According to HRF chief legal officer Javier El-Hage, Kaye’s opinion on Yee’s prosecution is the first application of the standard since its inception four years ago.
“Under the Special Rapporteur’s new reading of the hate speech prohibition, the criminal investigations of the satirical publication Charlie Hebdo and stand-up comedian Dieudonné in France would have been a violation of international law,” El-Hague says. “Both the offensive cartooning of Mohammad and Jesus by the magazine and the Muslim comedian’s insensitive comments after the attack on Charlie Hebdo would have been protected under international law, and the French government would have been admonished and called to allow both instances of attempted humor.”
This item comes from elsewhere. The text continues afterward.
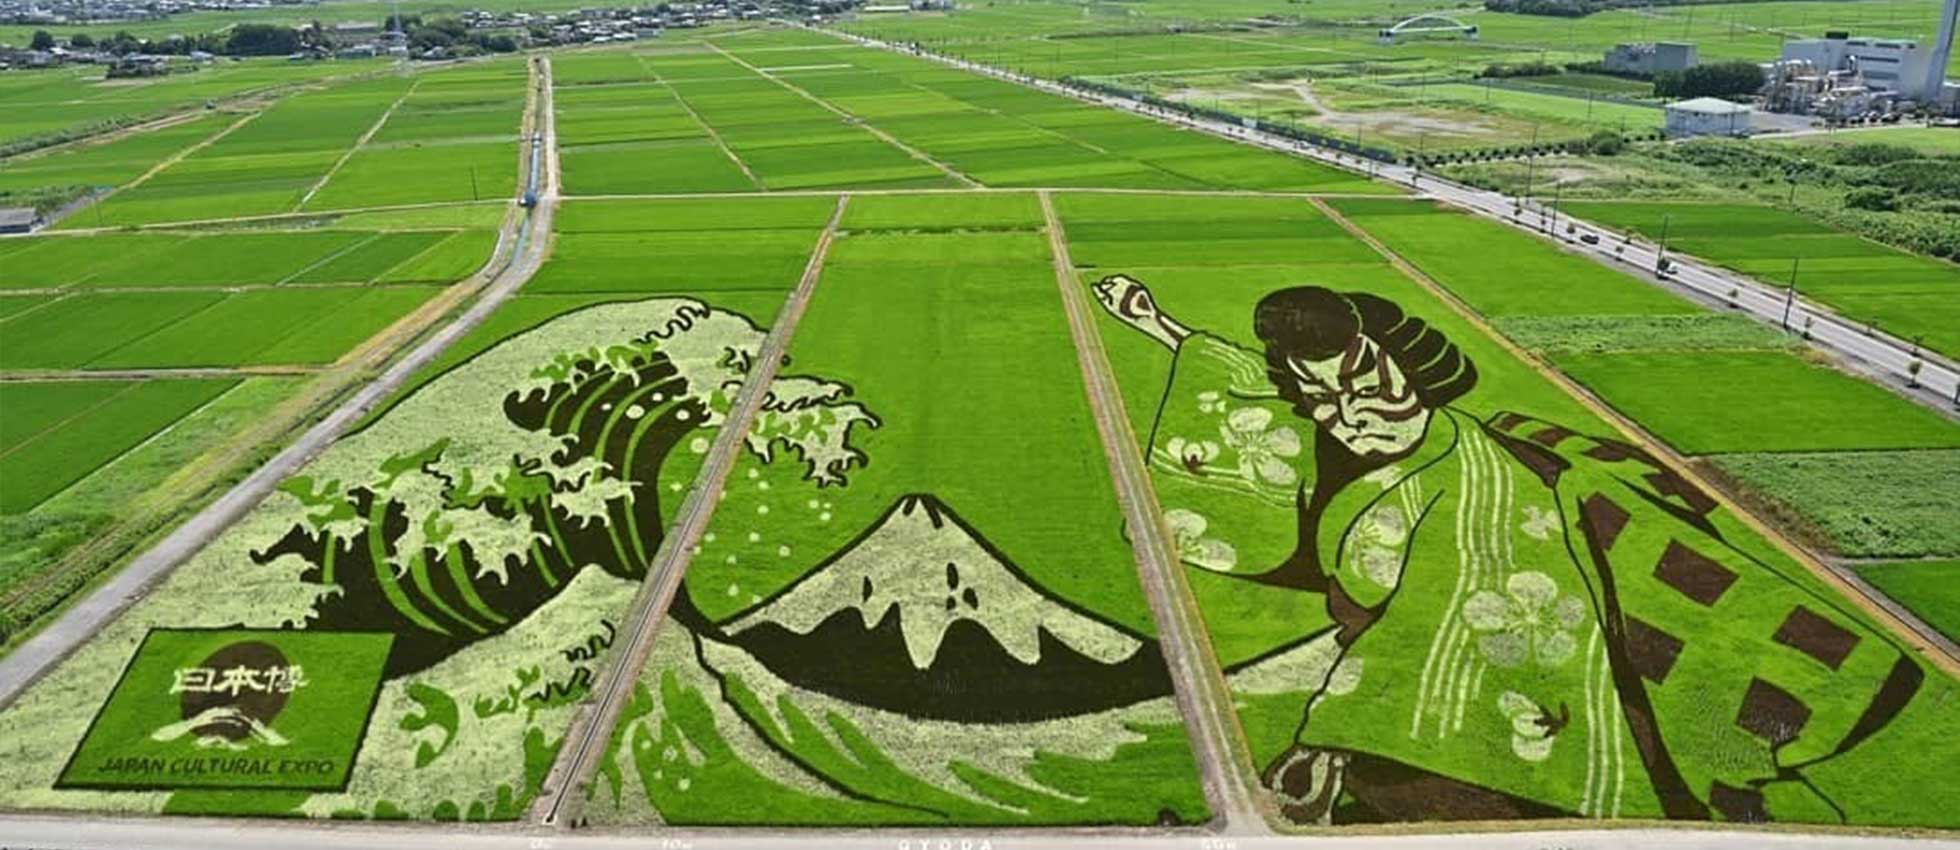 Cada año en Japón los arrozales son lienzos y las hojas de trigo son medios para obras de arte

El-Hague says the international prohibition of “hate speech” has increasingly seen the criminalization of opinions with ethnic, national, racial, or religious overtones.
This is “because any critical discussion of these topics in the public arena is always controversial and has the potential to offend,” he says.

Photo Credit: AP/達志影像
Yee’s charges for intending to wound religious feelings could see him jailed for up to three years. The lighter charges carry a maximum penalty of one month's jail and a fine of S$1,500 (US$1,100). Yee spent about 50 days in jail last year having been found guilty of wounding religious feelings and posting a video and an obscene image online.